The Battle of Akroinon was fought at Akroinon or Akroinos (near modern Afyon) in Phrygia, on the western edge of the Anatolian plateau, in 740 between an Umayyad Arab army and the Byzantine forces. The Arabs had been conducting regular raids into Anatolia for the past century, and the 740 expedition was the largest in recent decades, consisting of three separate divisions. One division, 20,000 strong under Abdallah al-Battal and al-Malik ibn Shu'aib, was confronted at Akroinon by the Byzantines under the command of Emperor Leo III the Isaurian (r. 717–741) and his son, the future Constantine V (r. 741–775). The battle resulted in a decisive Byzantine victory. Coupled with the Umayyad Caliphate's troubles on other fronts and the internal instability before and after the Abbasid Revolt, this put an end to major Arab incursions into Anatolia for three decades.

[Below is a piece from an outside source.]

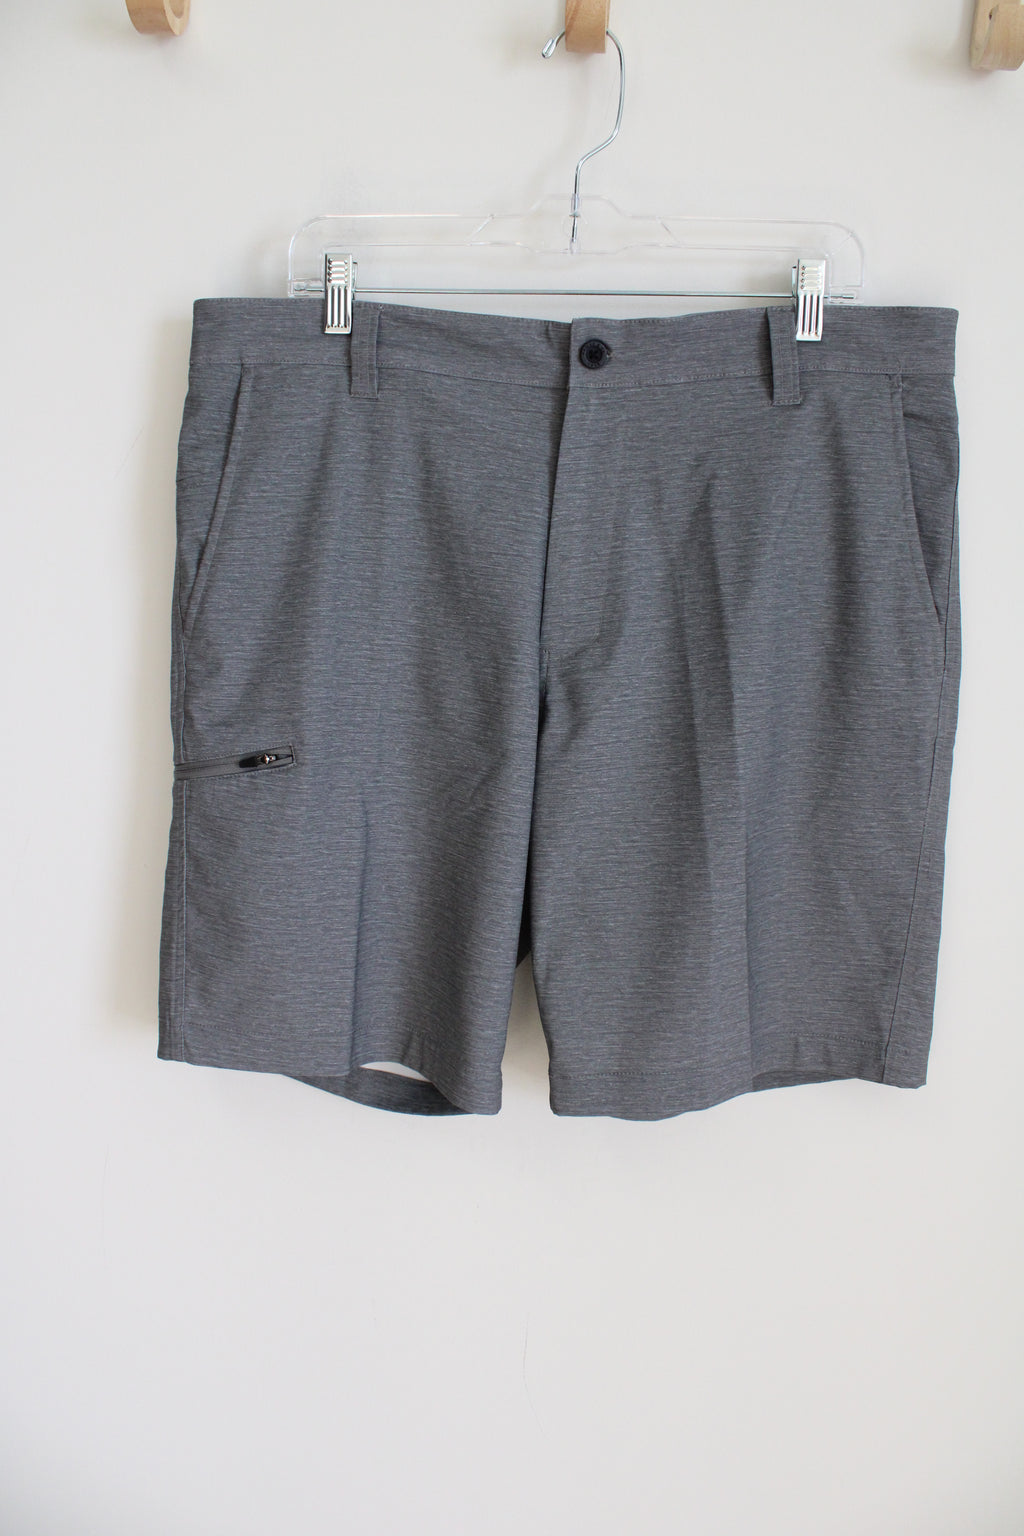 Hawke & Co. Gray Shorts | 36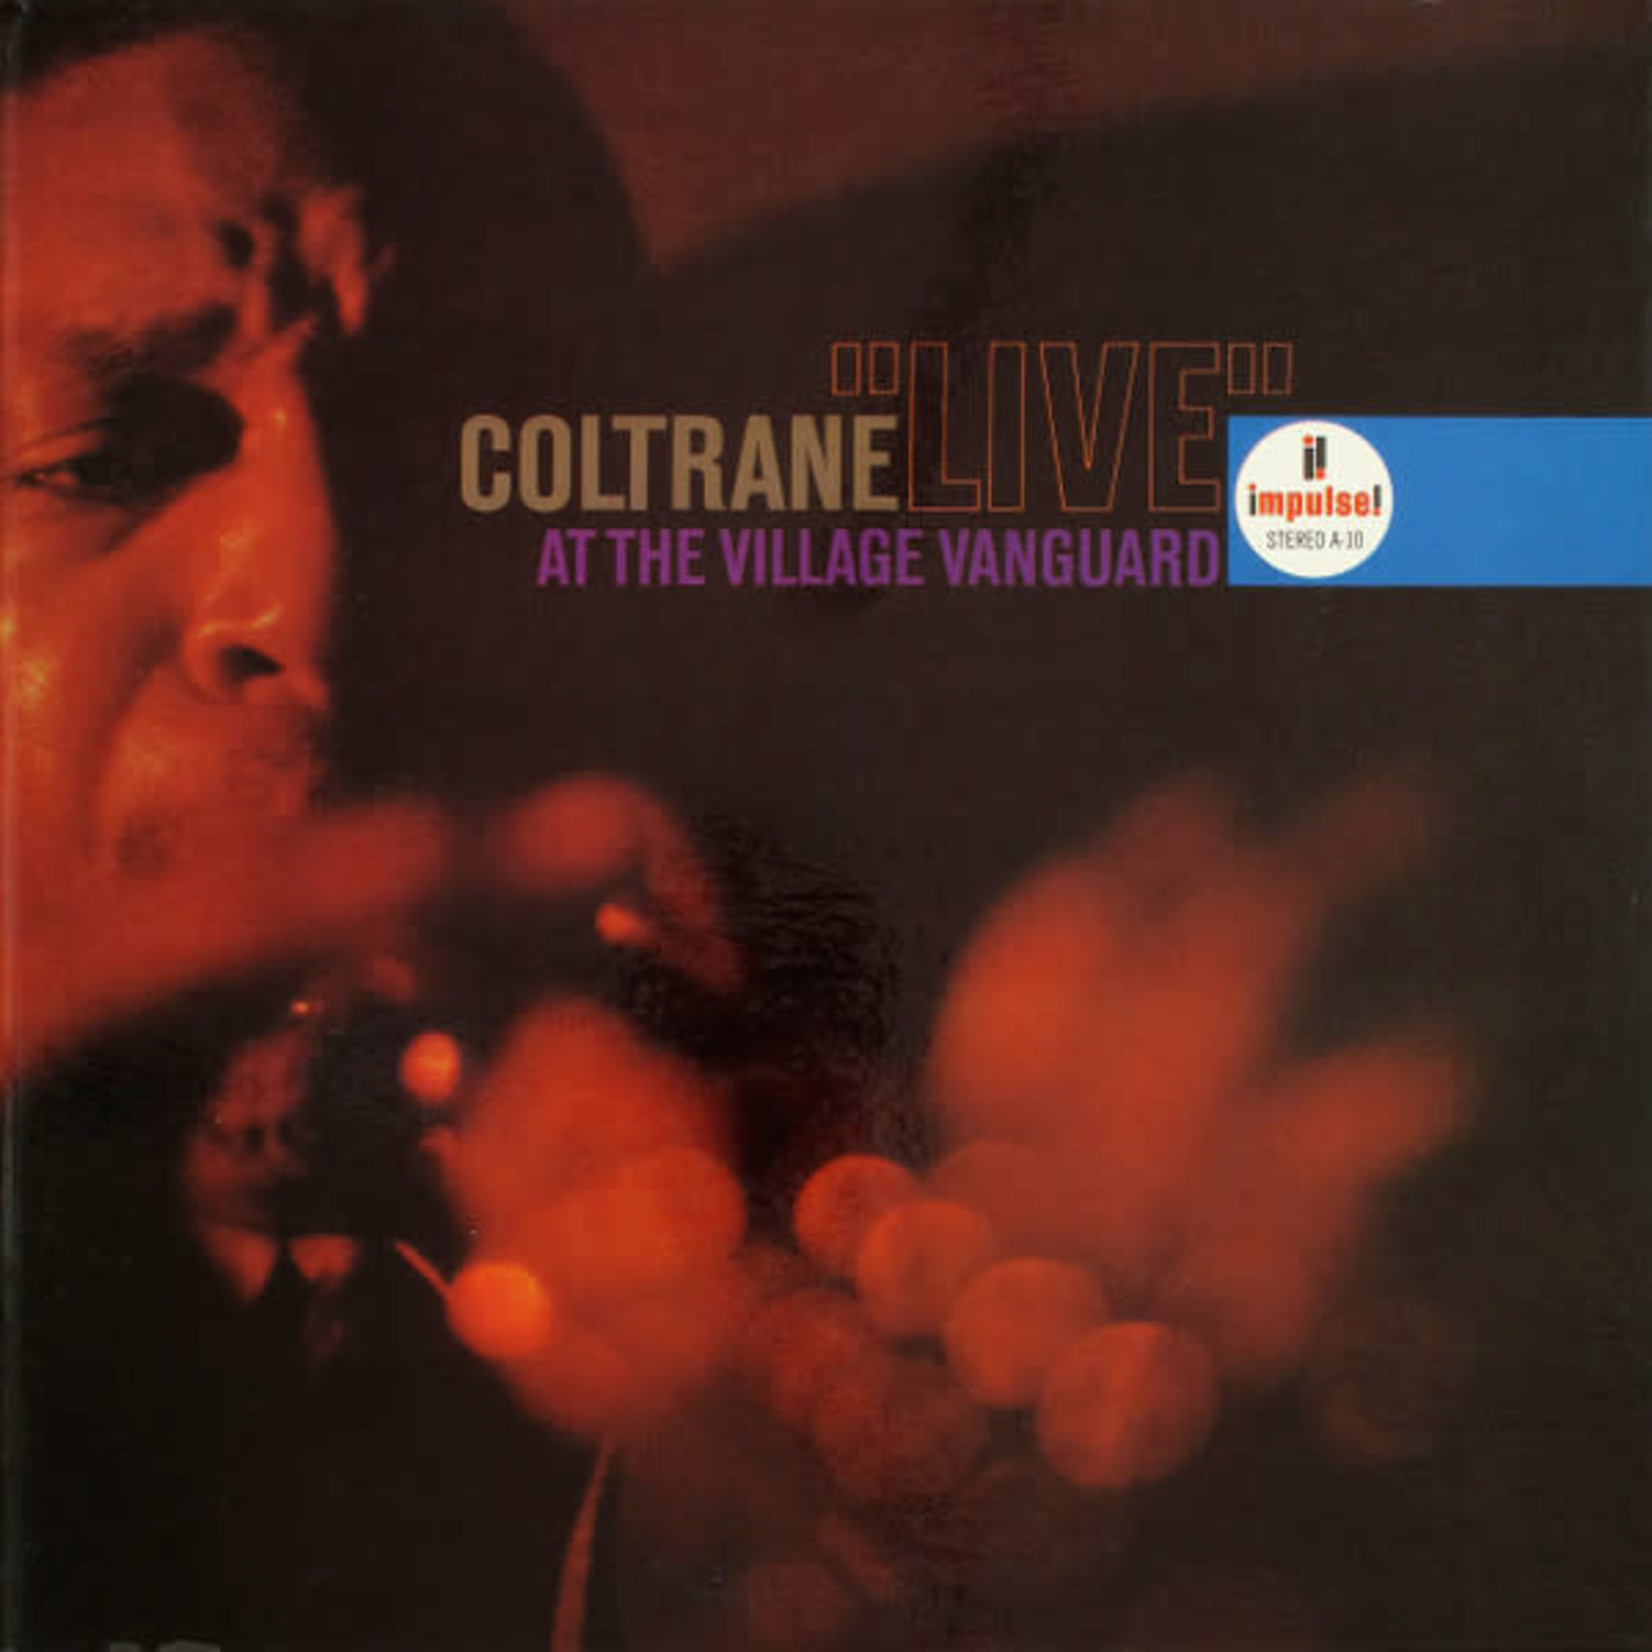 [New] John Coltrane - "Live" At The Village Vanguard (Verve Acoustic Sound Series)

Since the beginning of the Muslim conquests, the Byzantine Empire, as the largest, richest and militarily strongest state bordering the expanding Caliphate, had been the Muslims' primary enemy. Following the disastrous Battle of Sebastopolis, the Byzantines had largely confined themselves to a strategy of passive defence, while the Muslim armies regularly launched raids into Byzantine-held Anatolia. Following their failure to capture the Byzantine capital, Constantinople, in 717–718, the Umayyads for a time diverted their attention elsewhere. From 720/721, however, they resumed these expeditions in a regular pattern: each summer one or two campaigns (pl. ṣawā'if, sing. ṣā'ifa) would be launched, sometimes accompanied by a naval attack and sometimes followed by winter expeditions (shawātī). These were no longer aimed at permanent conquest but rather large-scale raids, plundering and devastating the countryside and only occasionally attacking forts or major settlements. The raids of this period were also largely confined to the central Anatolian plateau (chiefly its eastern half, Cappadocia), and only rarely reached the peripheral coastlands.